Ce rapport n’est pourtant qu’un élément de réflexion. Il ne fait que mentionner la contribution majeure des centrales à charbon au changement climatique par l’émission de dioxyde de carbone. A elles seules, les 280 centrales à charbon comptent pour près de 18% du total des émissions de CO2 de l’Union Européenne. La championne en est l’Allemagne puisque ses centrales occupent cinq des six premières places du palmarès (ci dessous). Or pour atteindre les objectifs fixés à la COP-21 à Paris, il faudrait soit fermer rapidement toutes ces centrales, soit les équiper de systèmes permettant de capter le CO2 émis puis de le stocker durablement en sous-sol. Une technologie qui pourrait augmenter de 50% à 100% le prix de l’électricité, et qui suppose de résoudre de nombreux problèmes techniques et de lieu des stockages.

Ce rapport n’aborde également aucune des alternatives pour la production d’électricité. Une manière d’éviter tout débat préalable à ce sujet afin de concentrer le message sur le risque sanitaire des centrales à charbon. Ces dernières produisent près du quart de l’électricité de l’Union Européenne. Les remplacer rapidement ne sera donc pas facile. Si l’on prend le cas de l’Allemagne, cette dernière à investi près de 300 milliards d’euros en 20 ans de subventions pour les énergies éoliennes, photovoltaïques et biomasse (déchets notamment). Pourtant, son électricité est encore à plus de 50% fournie par le charbon (40%) et le gaz auquel il faut ajouter 15% de nucléaire qui doit fermer d’ici 2022.

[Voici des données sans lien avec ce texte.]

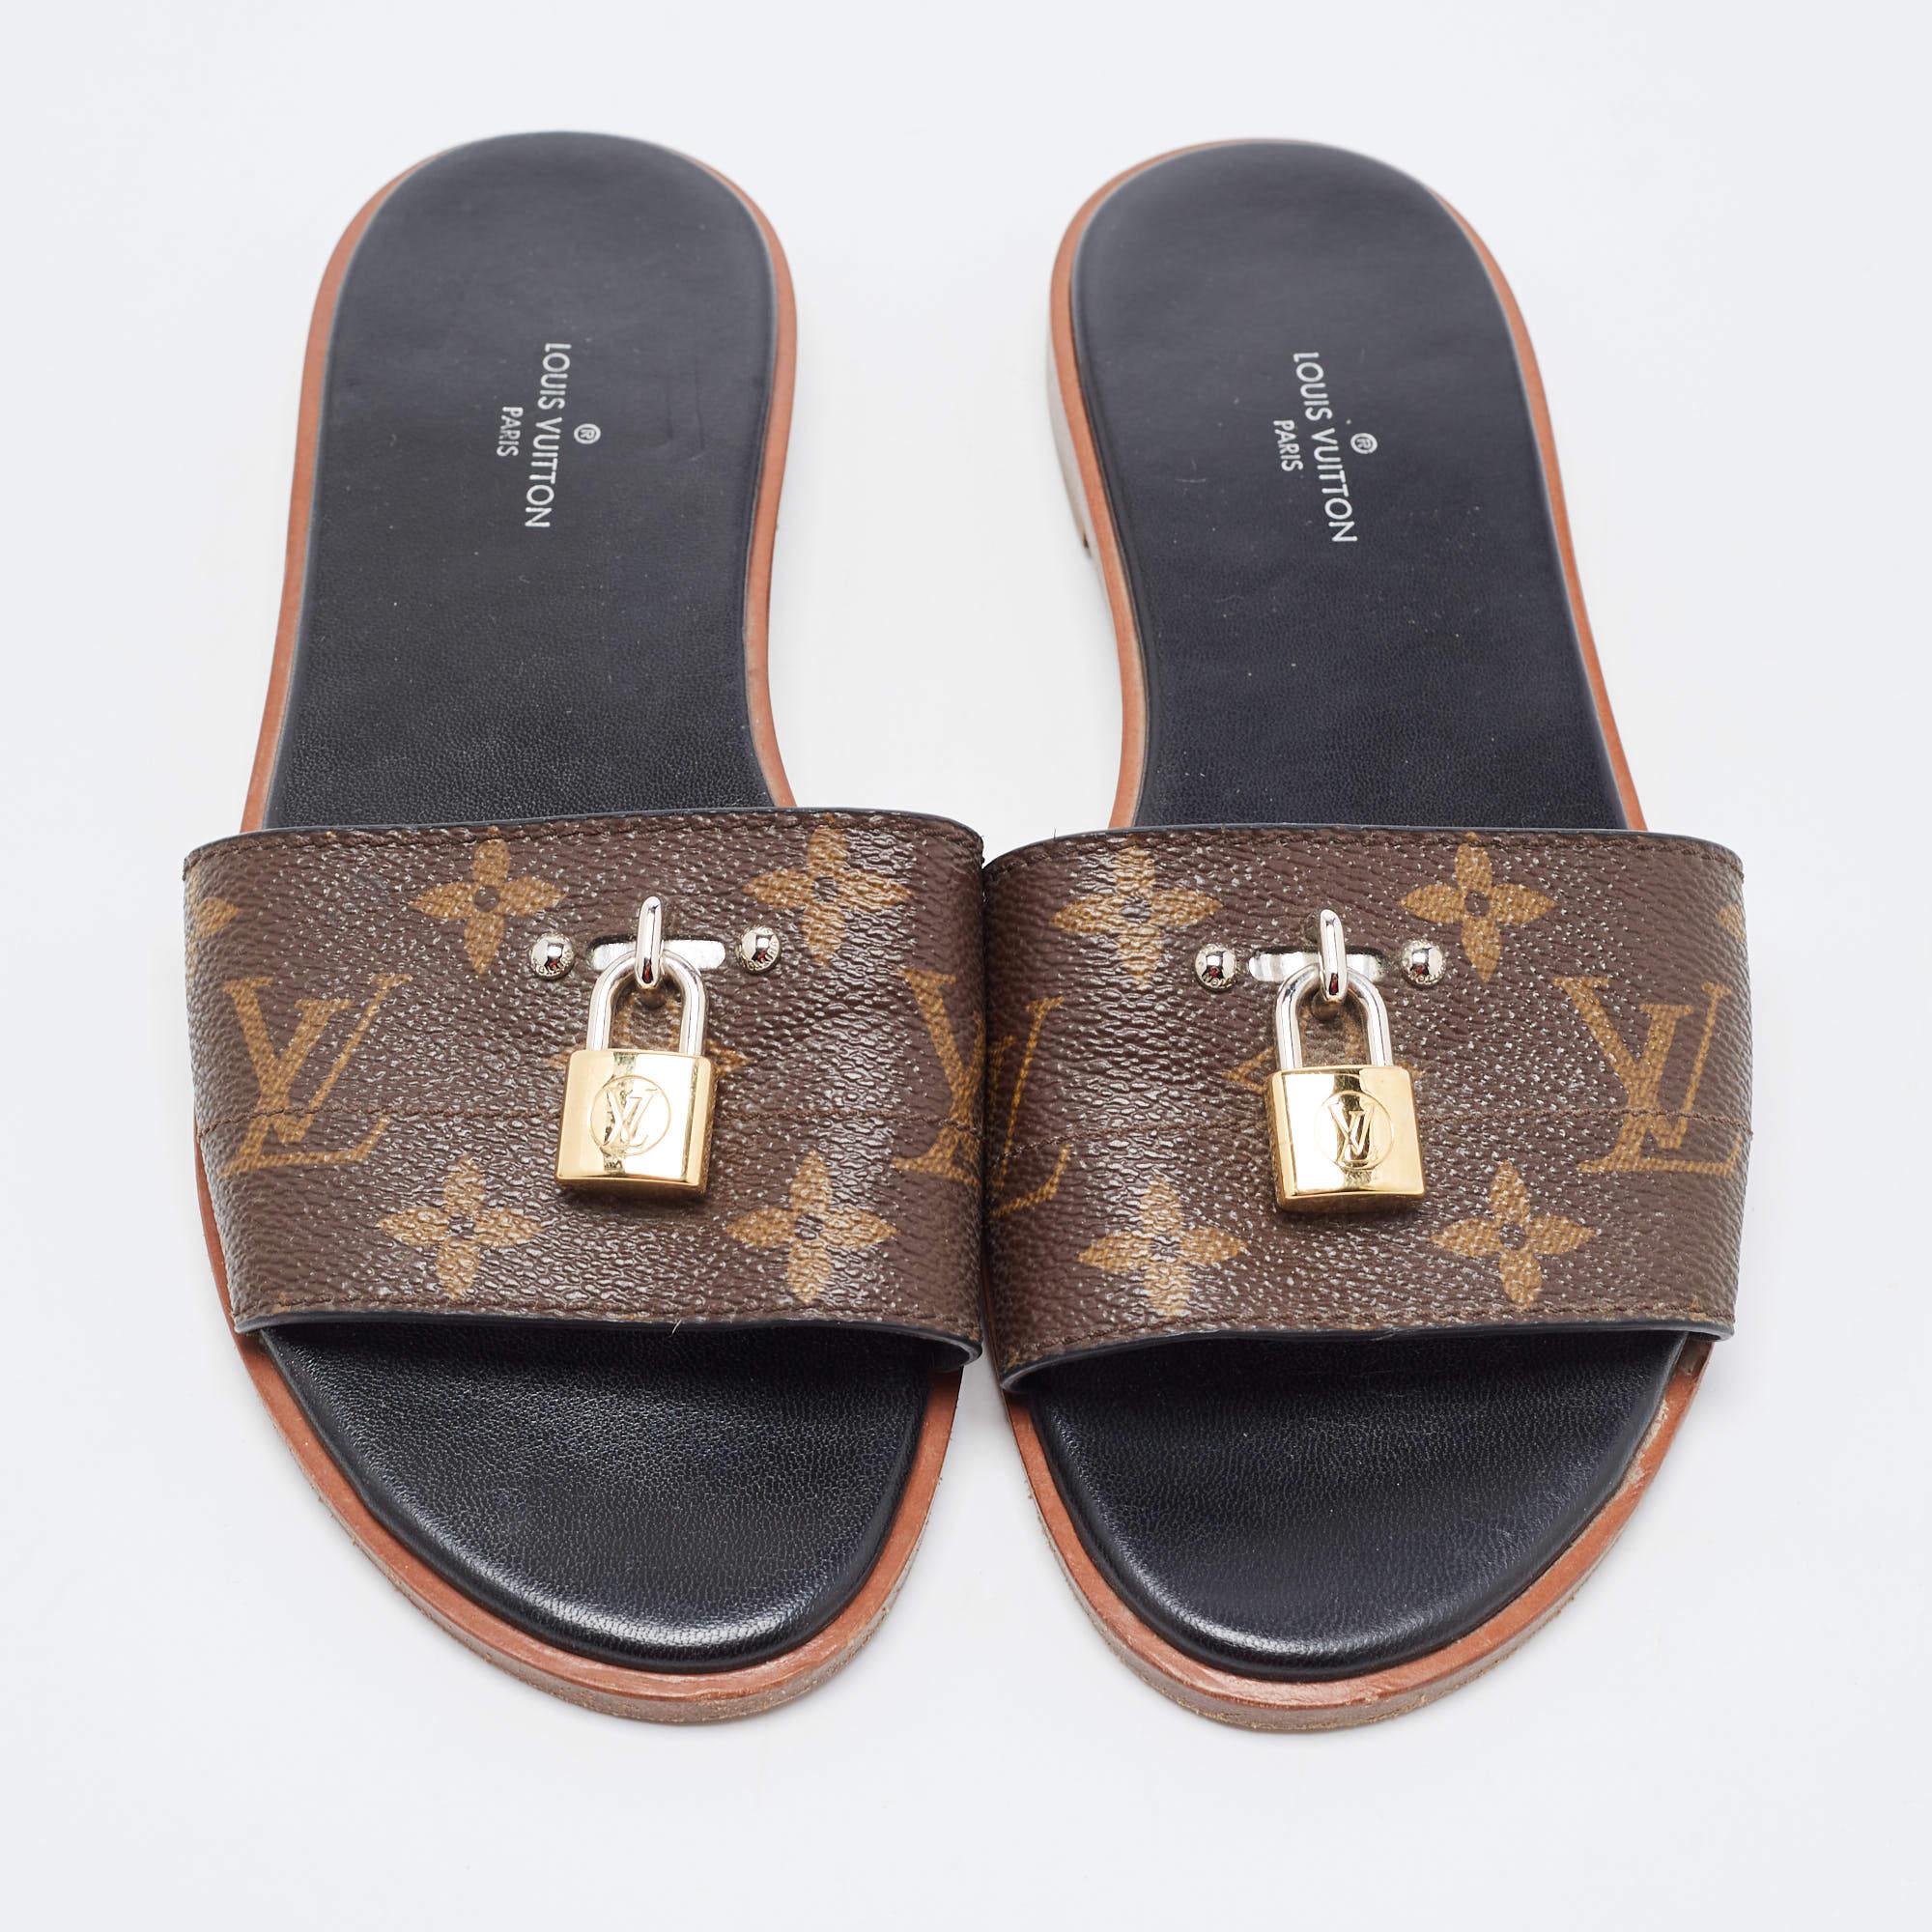 Create effortless styles with these LV flat slides. Made of quality materials, they are designed to elevate your OOTD and keep you in comfort all day long.

Les pays dont le système électrique est le plus protecteur du climat et de la santé publique – Suède, Finlande, France, Belgique… – utilisent massivement l’hydraulique et le nucléaire, avec des proportions variées. La contribution des énergies nouvelles renouvelables augmente de manière significative, mais le vrai débat porte sur leur capacité à remplacer totalement le charbon et le gaz dans le mix électrique européen sans qu’une contribution du nucléaire ne vienne boucler le budget, avec des pays qui n’y auront pas recours et d’autres, comme la France ou la Grande-Bretagne, qui en feront un usage important voire majoritaire.